_DATA EXTRACT_
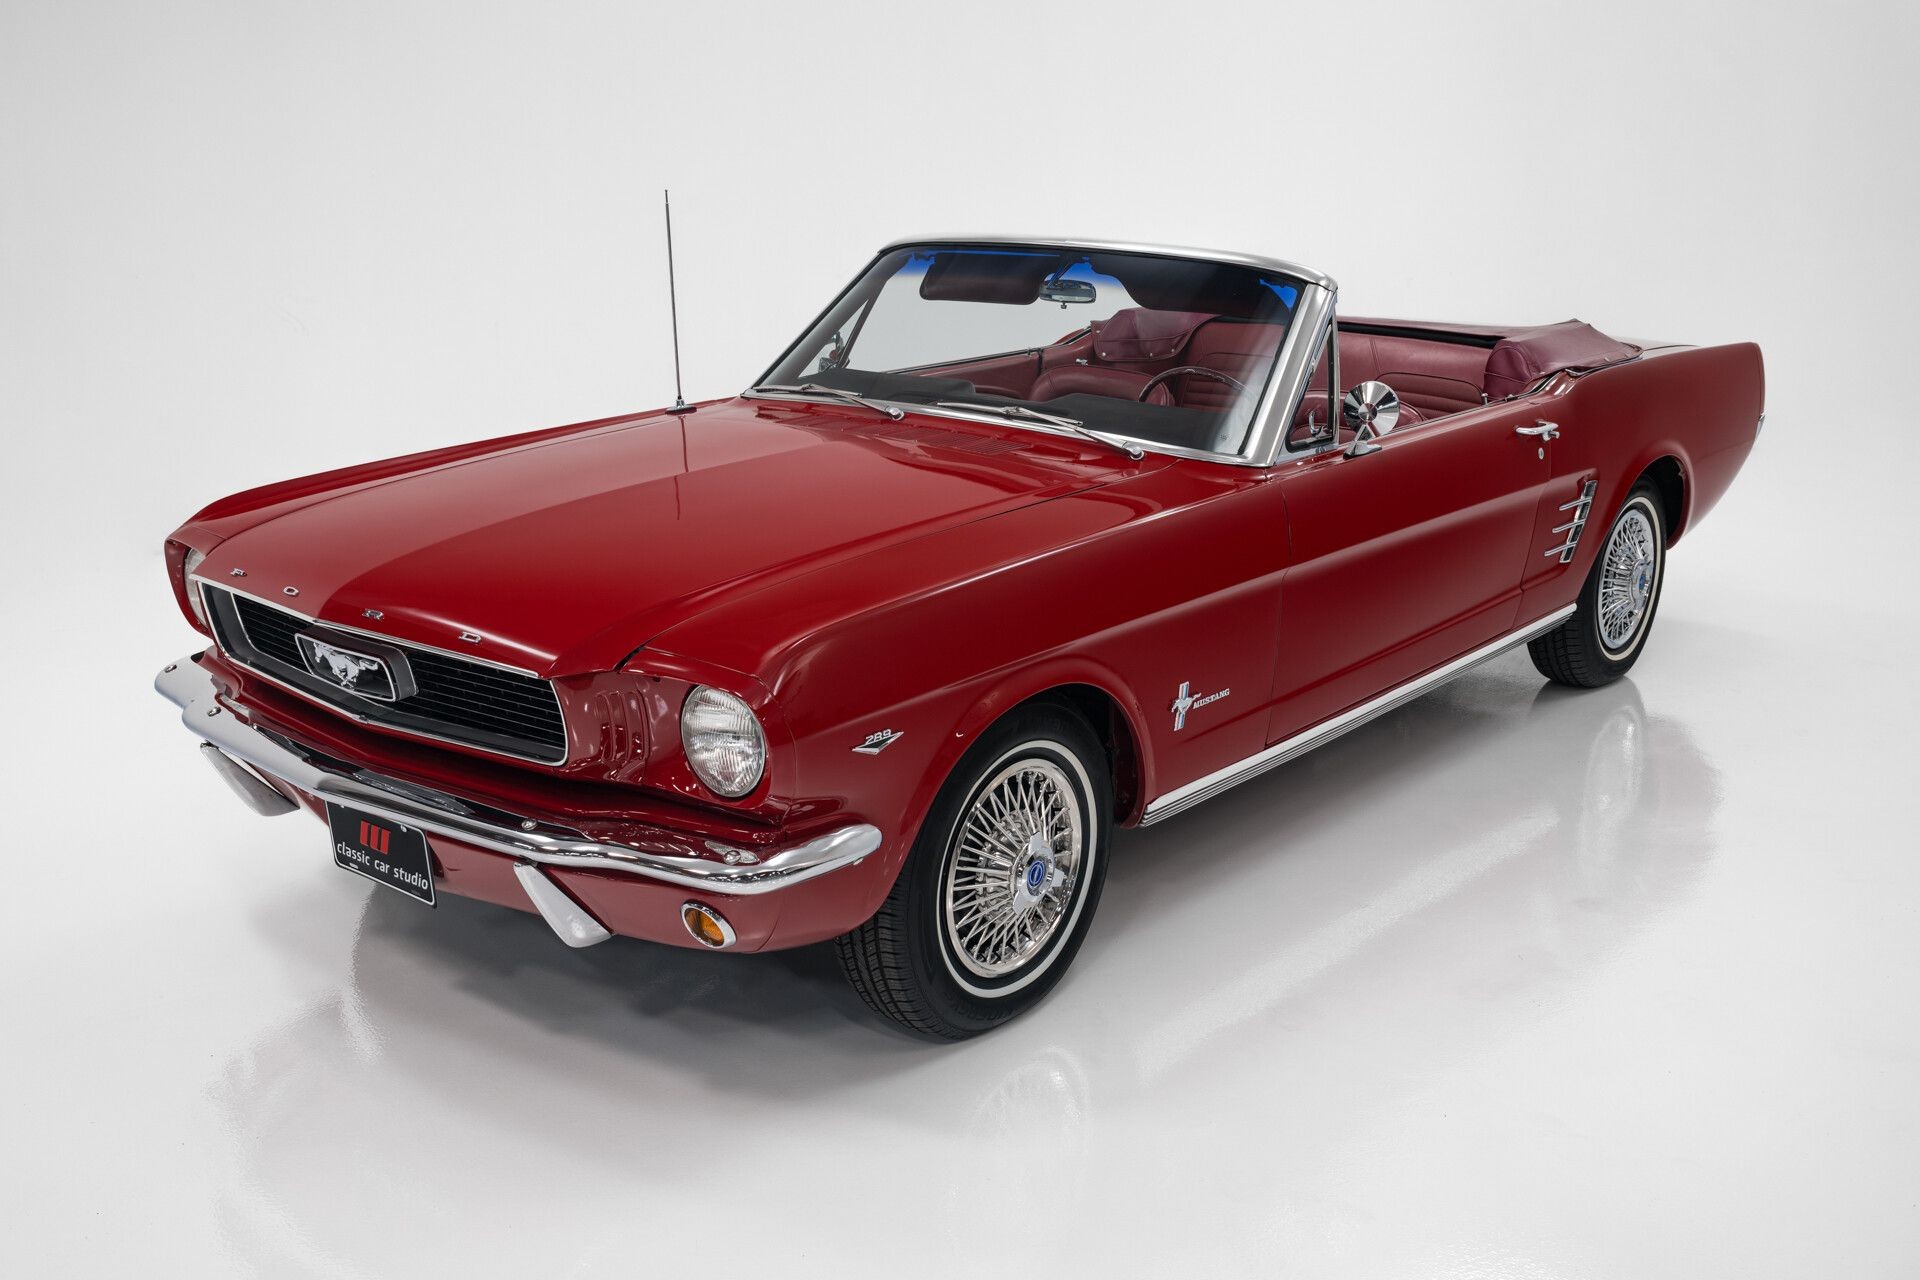 Market Snapshot: Early Mustangs from 1965 and 1966
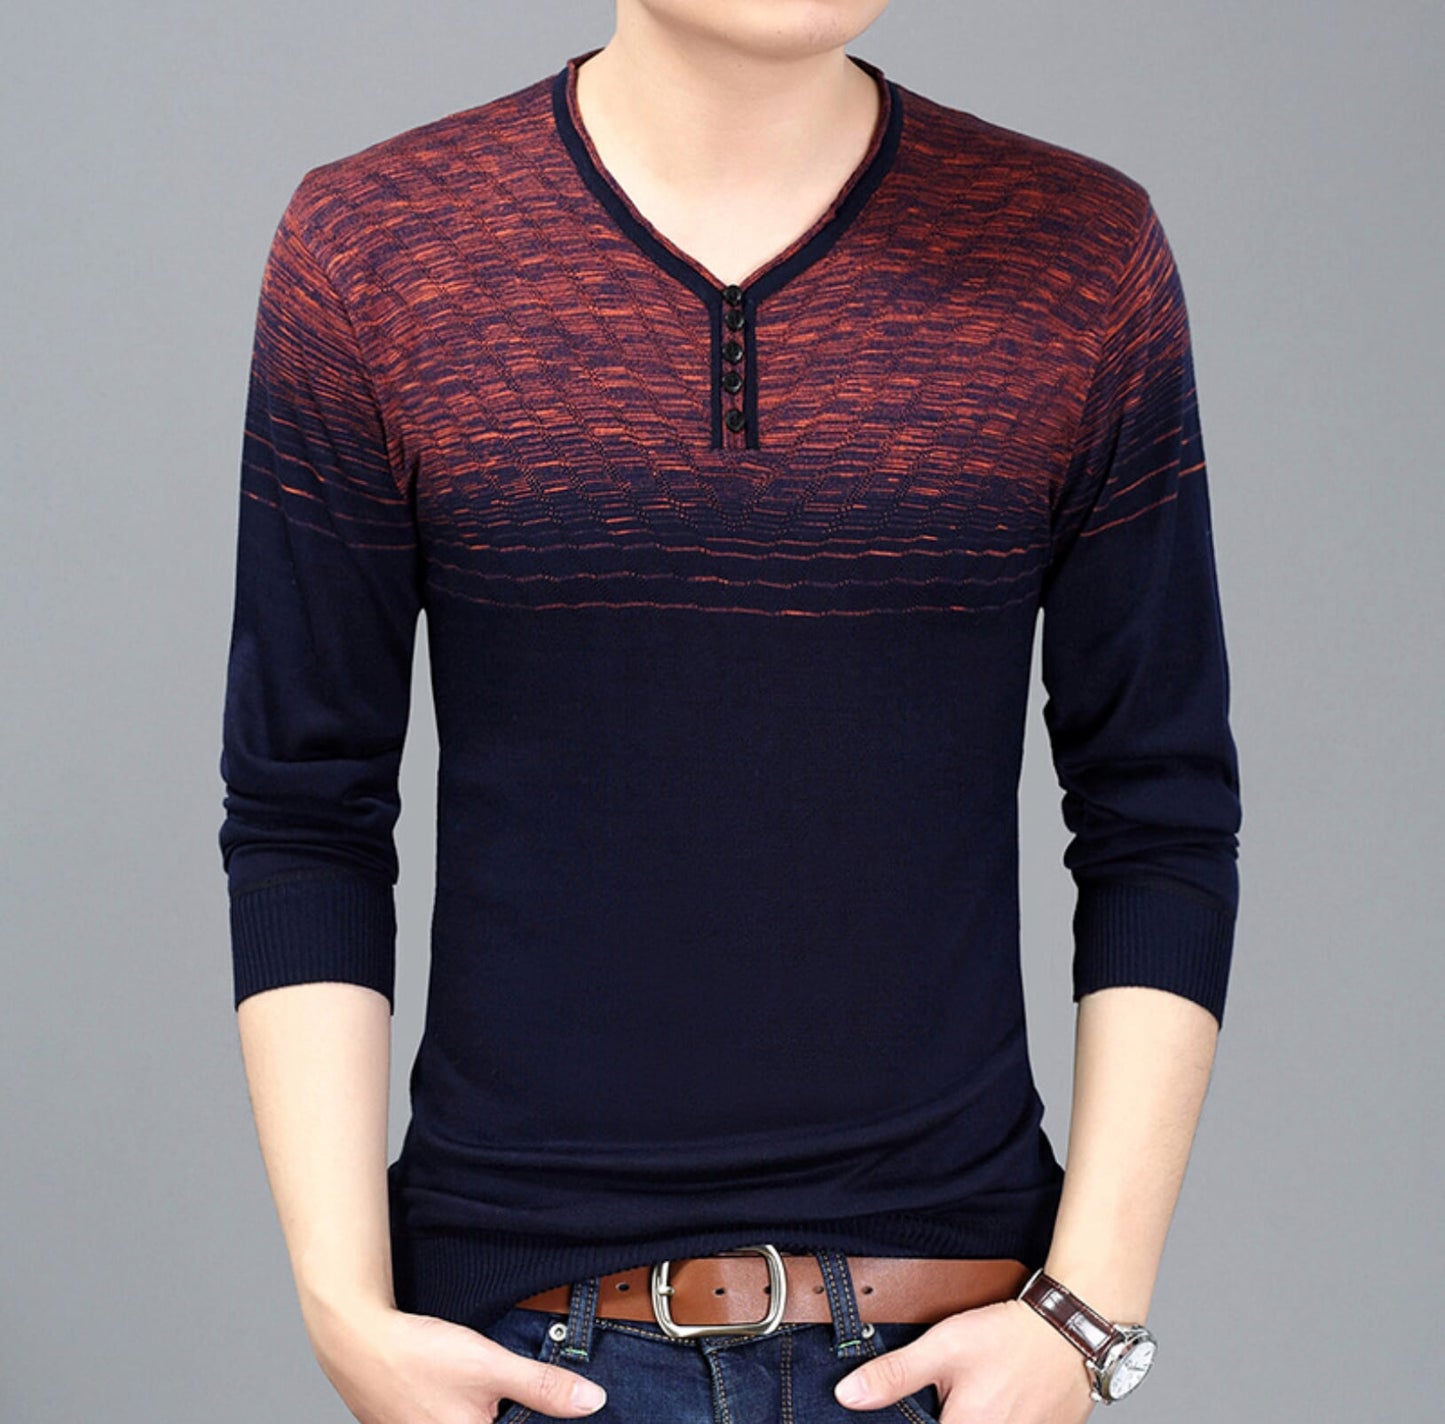 Mens Gradient Sweater - AmtifyDirect
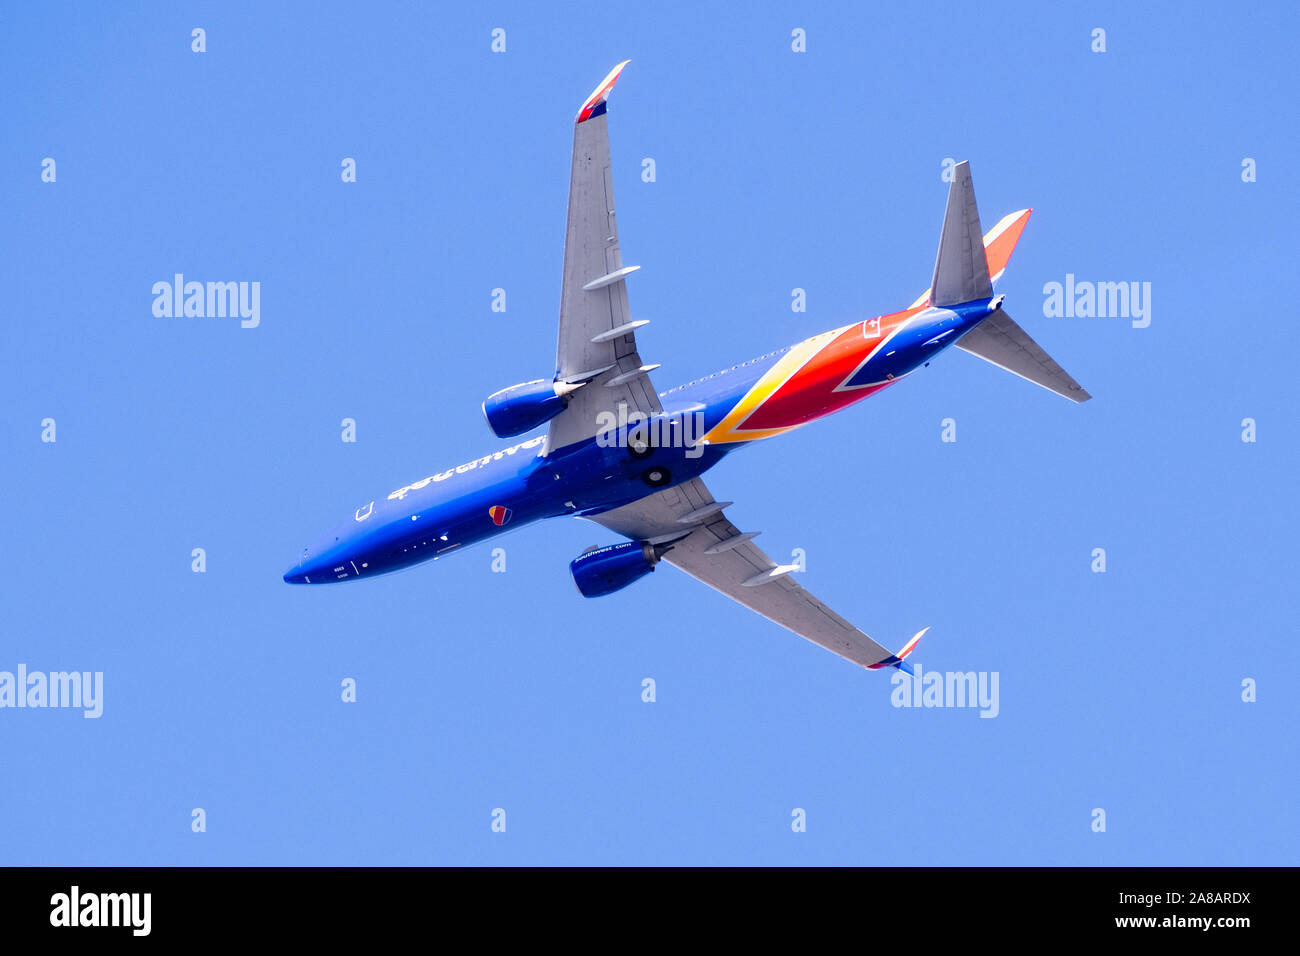 Oct 20, 2019 San Jose / CA / USA - Southwest Airlines aircraft in flight; the Southwest Airlines heart Logo visible on the airplanes' underbelly; blue Stock Photo

_YOUR GOAL_
Exactly as written, give again every line from the one containing "Mens Gradient Sweater - AmtifyDirect" through the last line of the material, both included, with the pictures left out.

_SOLUTION FOR THIS EXERCISE_
 Mens Gradient Sweater - AmtifyDirect
 Oct 20, 2019 San Jose / CA / USA - Southwest Airlines aircraft in flight; the Southwest Airlines heart Logo visible on the airplanes' underbelly; blue Stock Photo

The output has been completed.